Data.
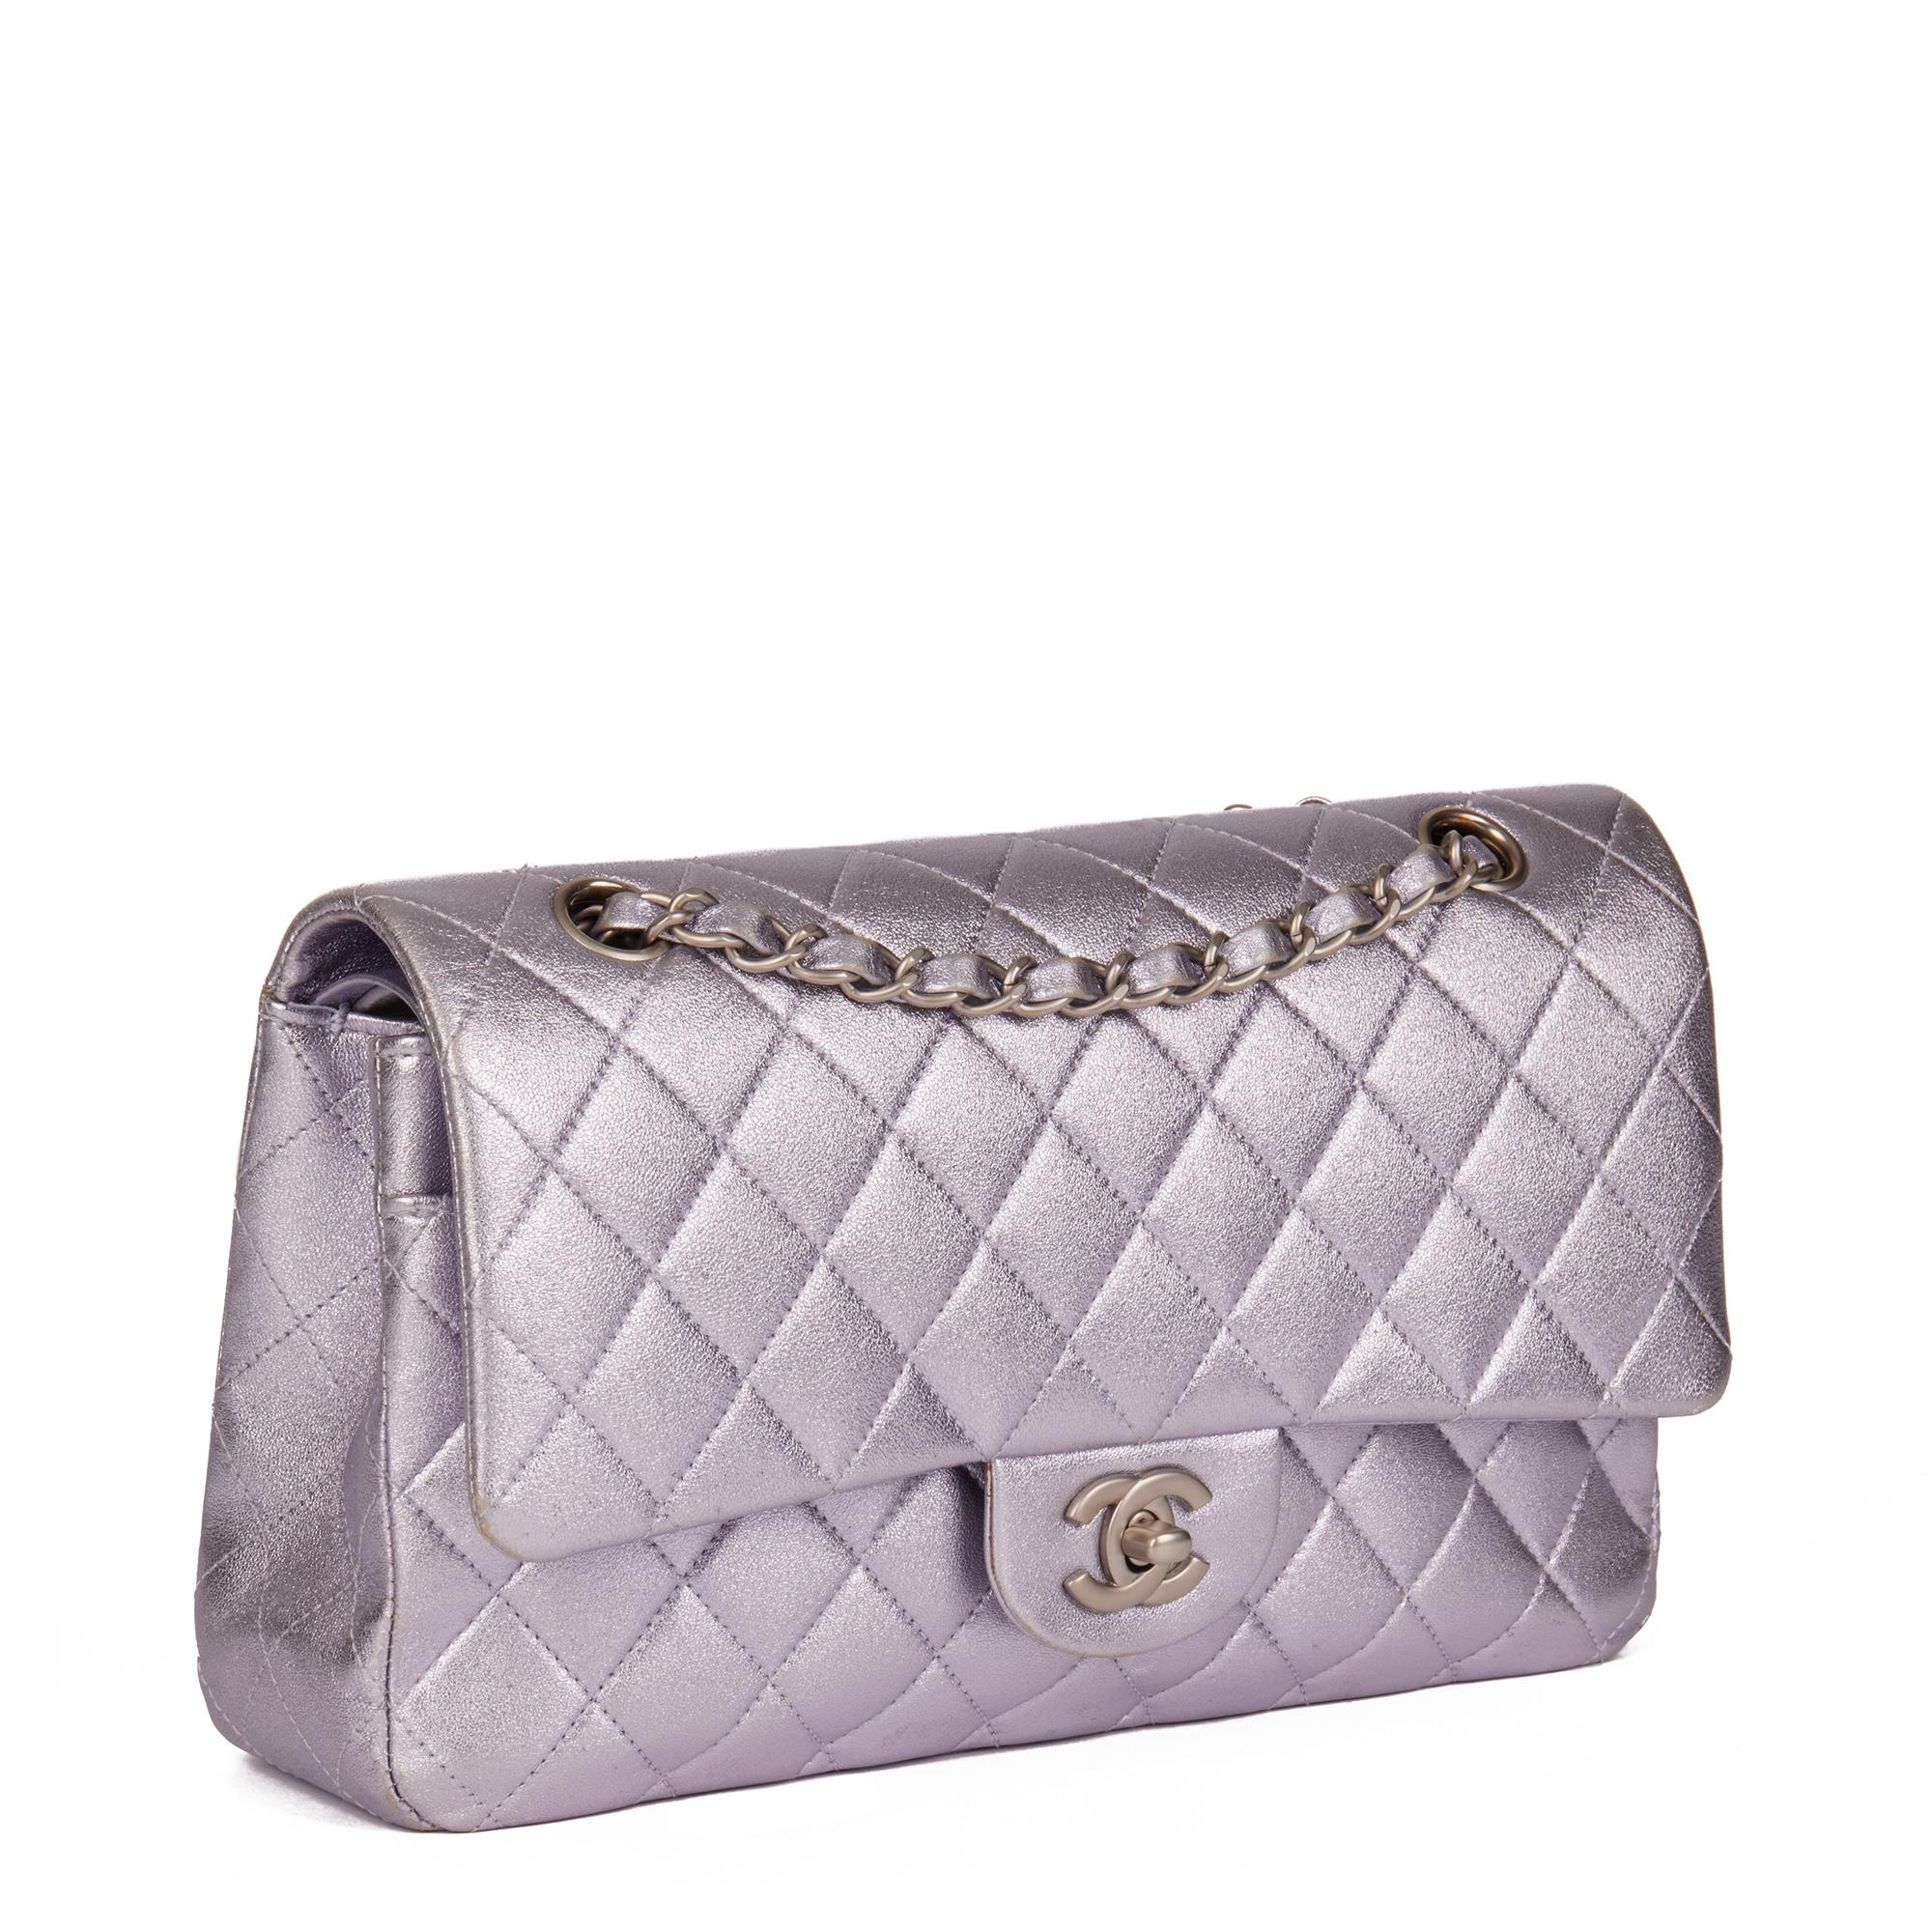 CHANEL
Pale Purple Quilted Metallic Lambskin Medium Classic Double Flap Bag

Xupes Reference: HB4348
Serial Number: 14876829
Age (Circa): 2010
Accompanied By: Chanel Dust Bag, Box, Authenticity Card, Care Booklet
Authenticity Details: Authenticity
---
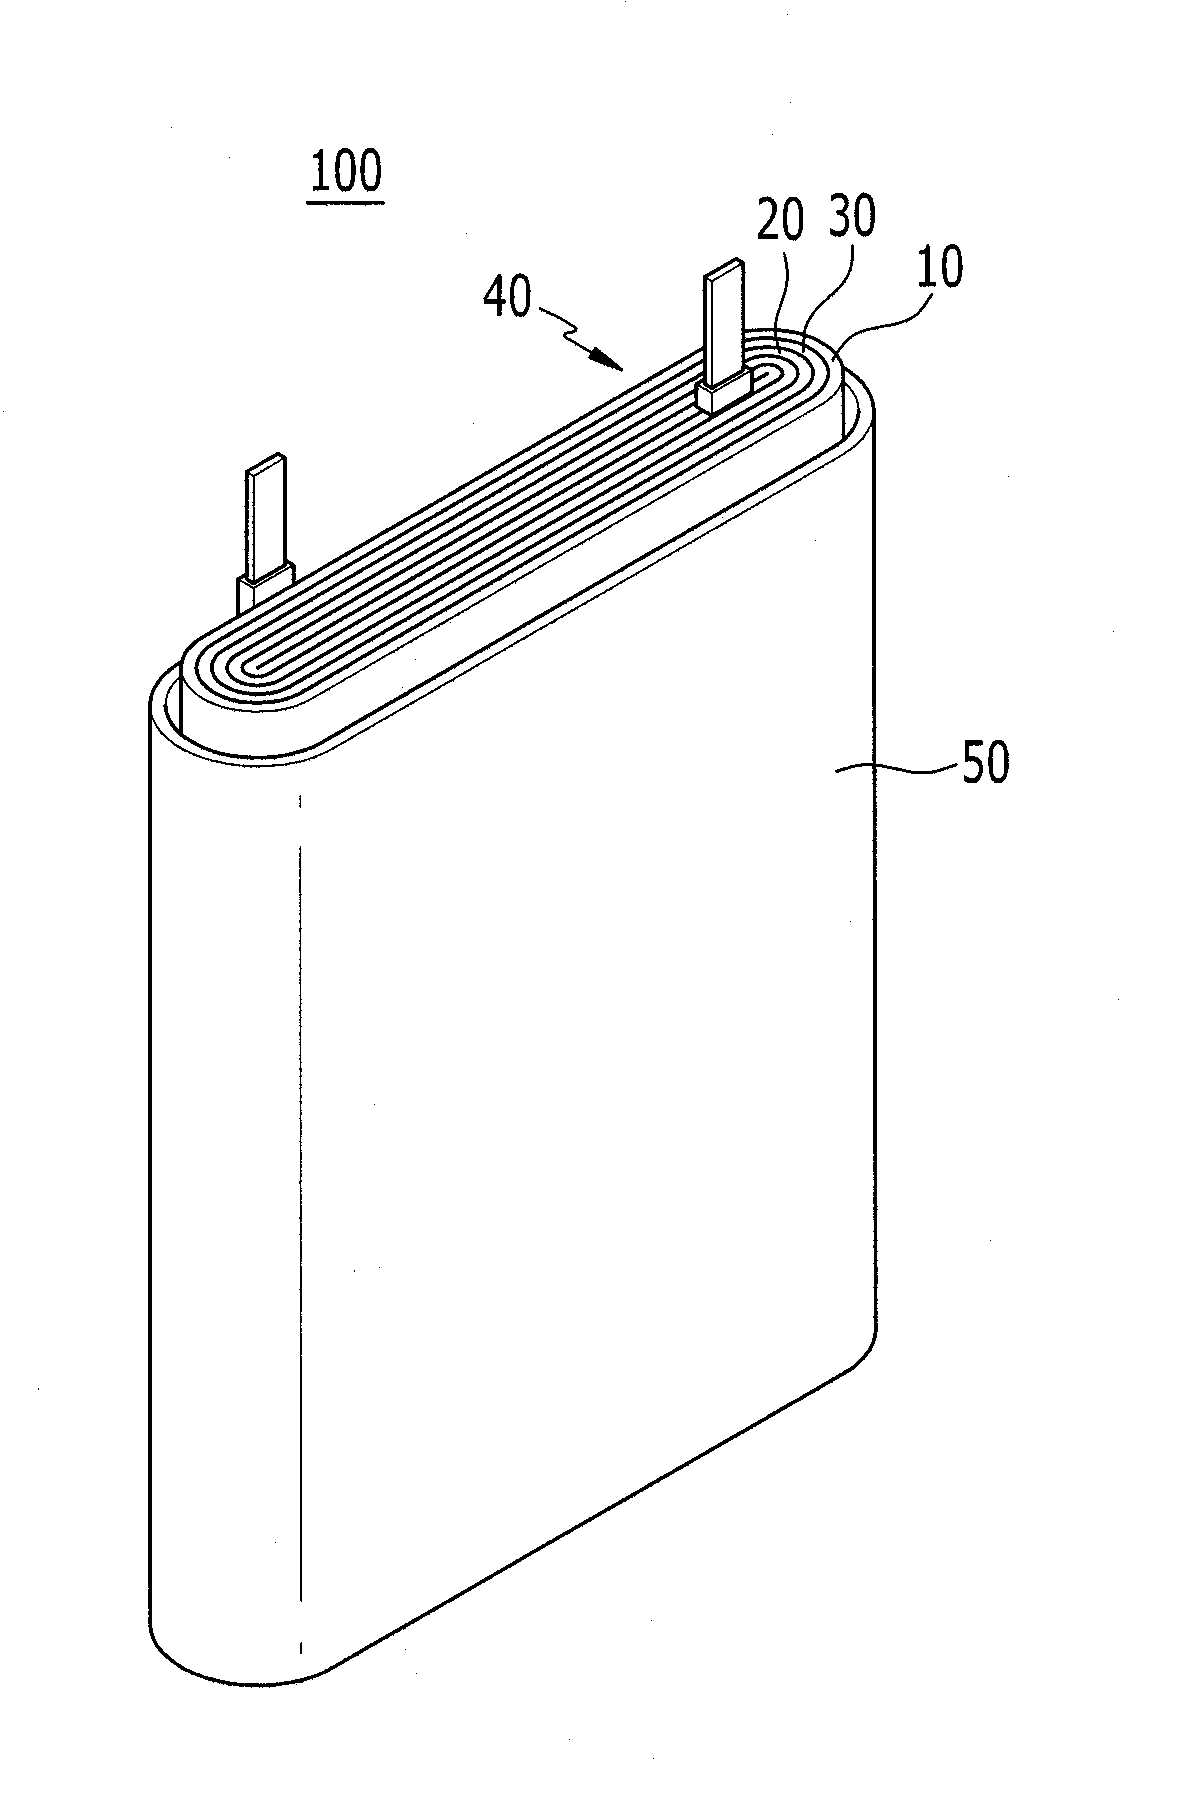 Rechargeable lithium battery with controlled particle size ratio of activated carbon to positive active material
--
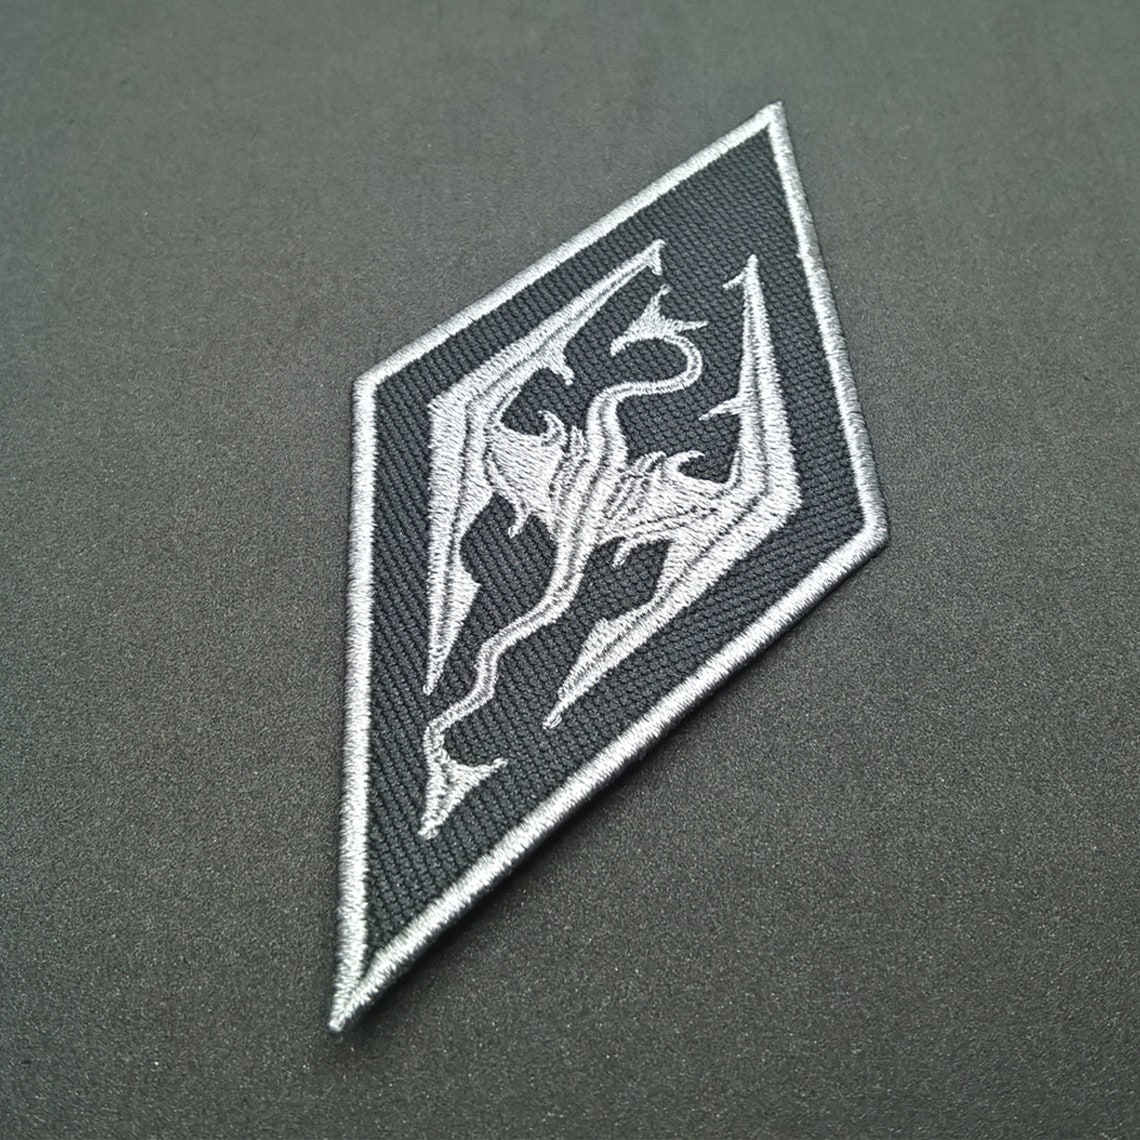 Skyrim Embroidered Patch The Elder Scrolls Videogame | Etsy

Try it.
Above are the entries. Copy exactly the part that opens with the line containing "Xupes Reference: HB4348" and closes with the line containing "Authenticity Details: Authenticity", and no more.

Written response.
Xupes Reference: HB4348
Serial Number: 14876829
Age (Circa): 2010
Accompanied By: Chanel Dust Bag, Box, Authenticity Card, Care Booklet
Authenticity Details: Authenticity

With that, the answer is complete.